A compound pipe is required to be replaced by a new pipe. The two pipes are said to be equivalent, if- a)Length of both the pipes is same
- b) Diameter of both the pipes is same
- c)Loss of head and discharge of both the pipes is same
- d) Loss of head and velocity of flow in both the pipes is same
Correct answer is option 'C'. Can you explain this answer?

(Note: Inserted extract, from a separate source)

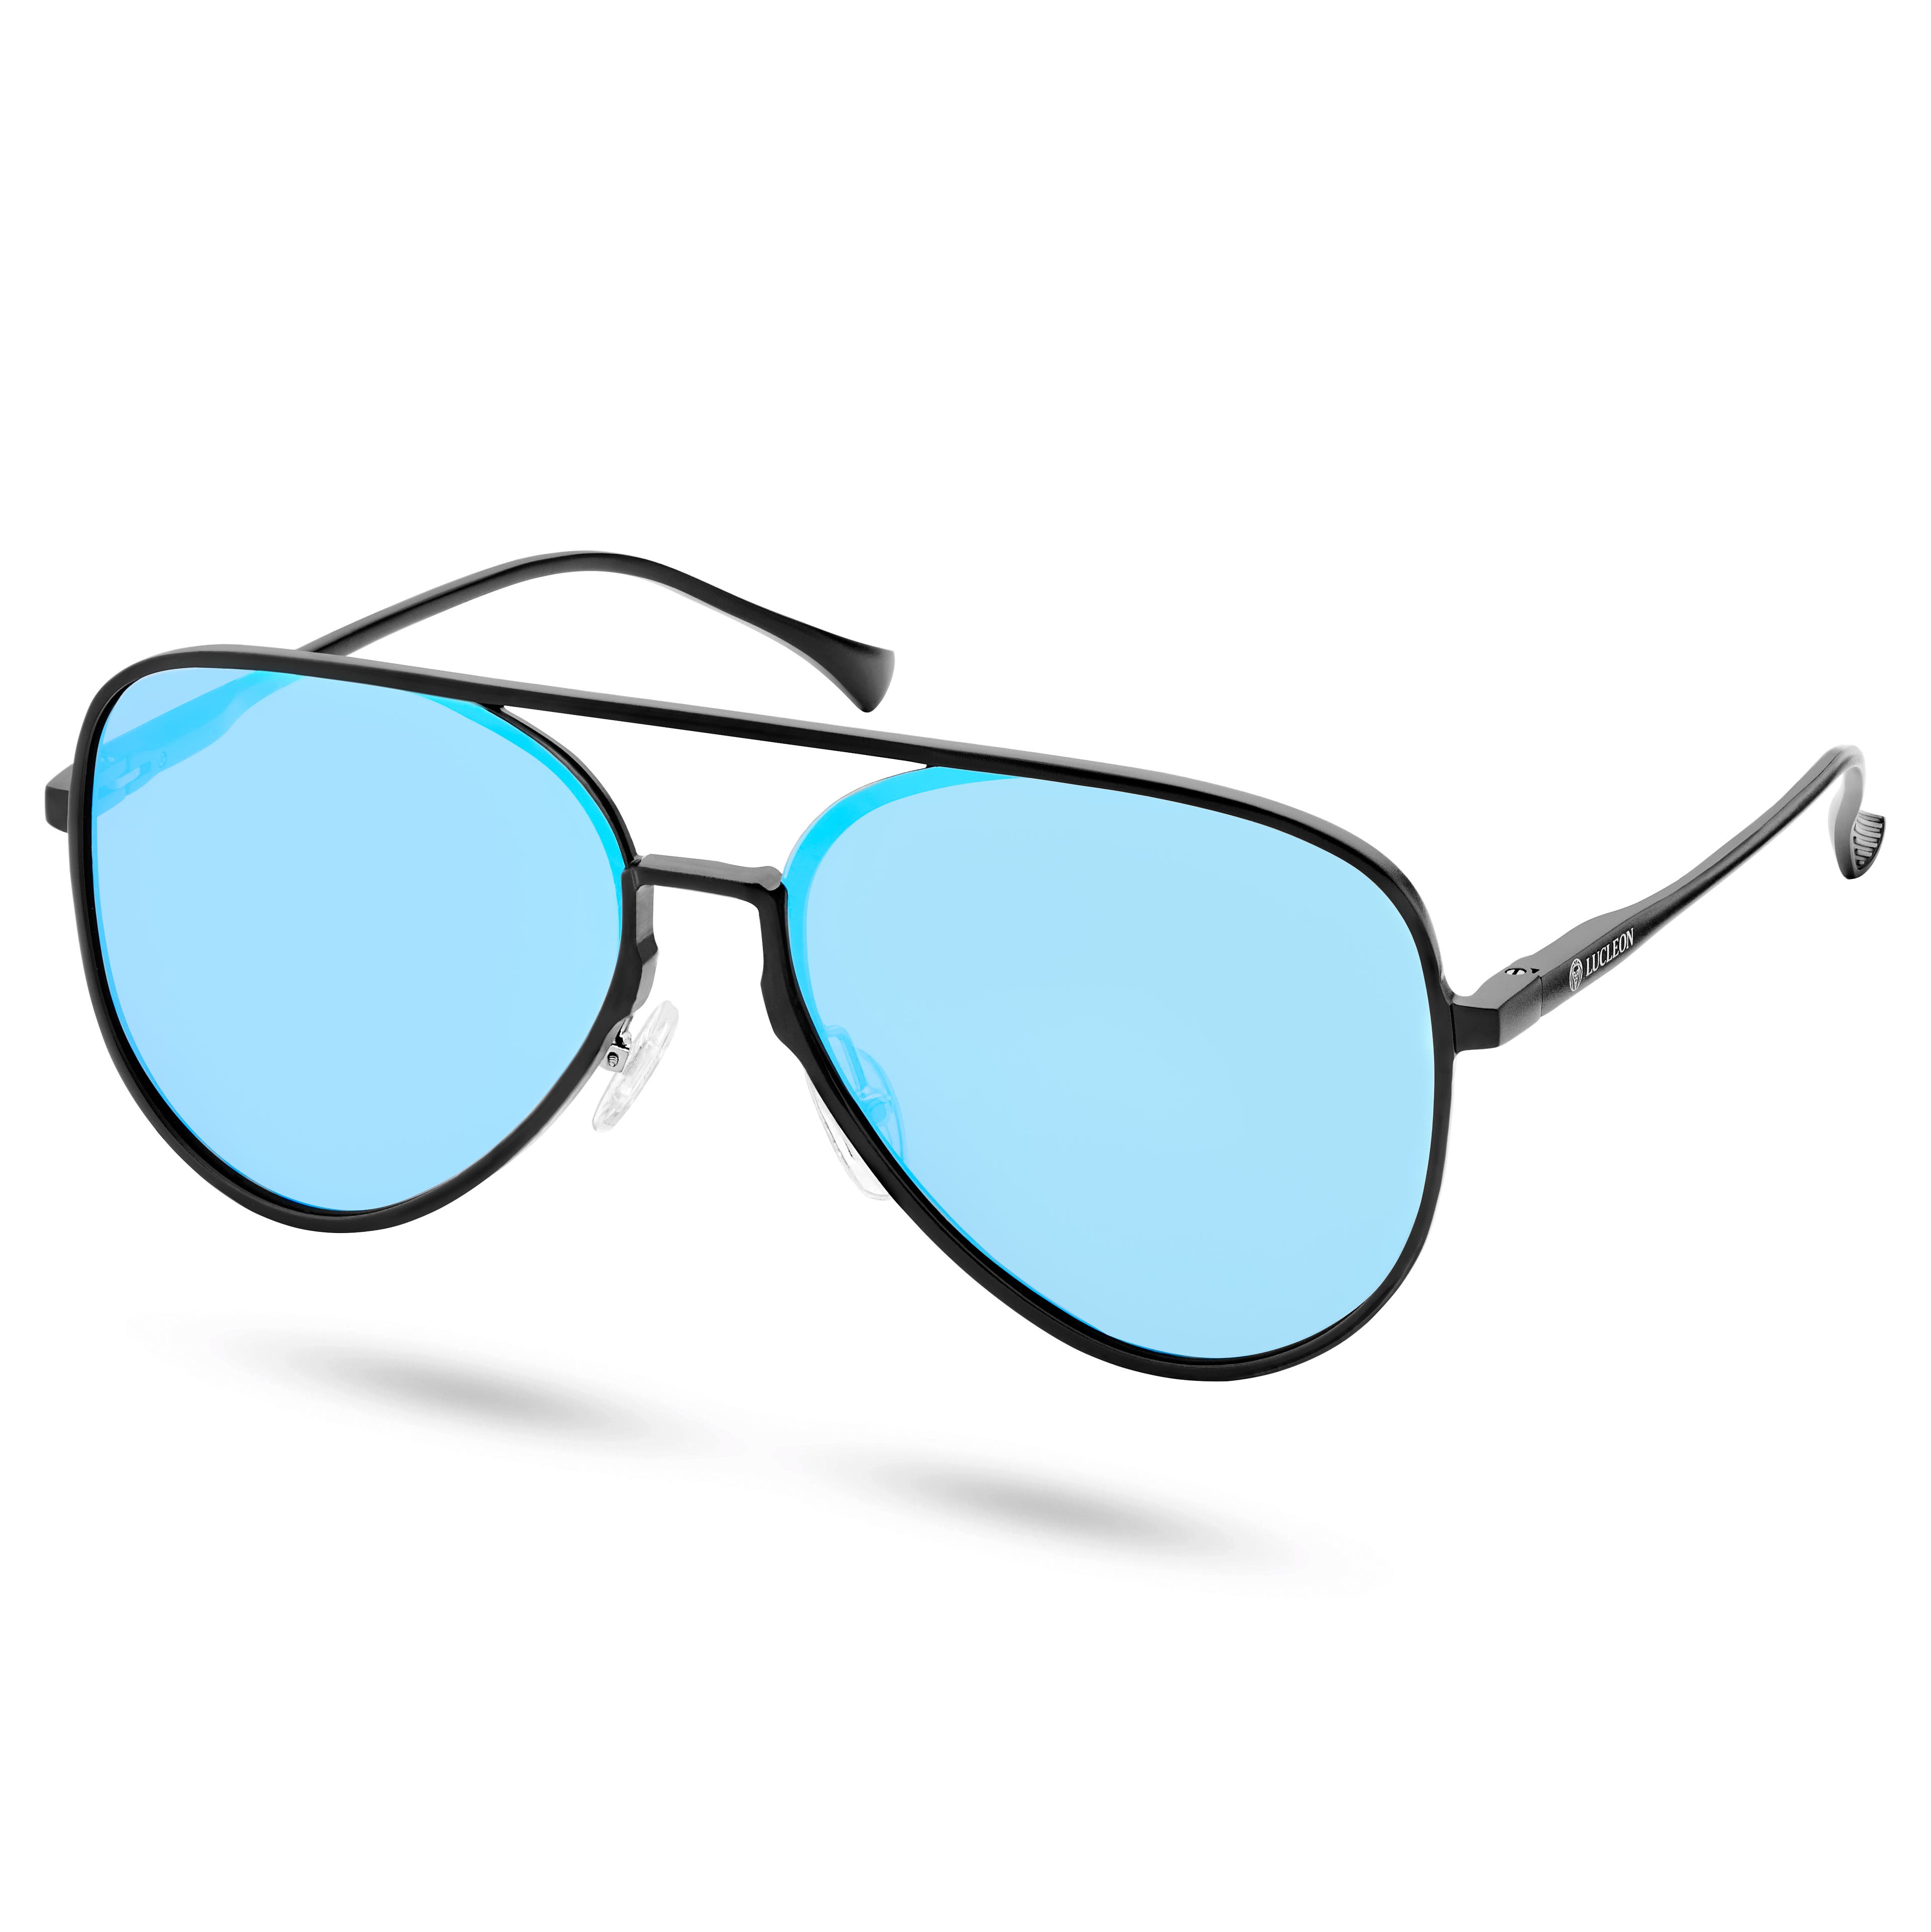 Sort med Blå Speilglass Polariserte Pilot Solbriller

A compound pipe is required to be replaced by a new pipe. The two pipes are said to be equivalent, if
a)
Length of both the pipes is same
b)
Diameter of both the pipes is same
c)
Loss of head and discharge of both the pipes is same
d)
Loss of head and velocity of flow in both the pipes is same
|
Vaibhav Khanna answered |
Equivalent Pipes in Fluid Mechanics
Introduction:
In fluid mechanics, the concept of equivalent pipes is used to compare two pipes based on their hydraulic characteristics. The two pipes are said to be equivalent when they have the same head loss and discharge.
Factors to consider:
To determine the equivalence of two pipes, several factors are considered. These include:
- Length of the pipes
- Diameter of the pipes
- Loss of head in the pipes
- Discharge of the pipes
- Velocity of flow in the pipes
Criteria for equivalence:
Based on the above factors, the following criteria are used to determine the equivalence of two pipes:
- Length of the pipes: If the lengths of the two pipes are the same, they are considered equivalent.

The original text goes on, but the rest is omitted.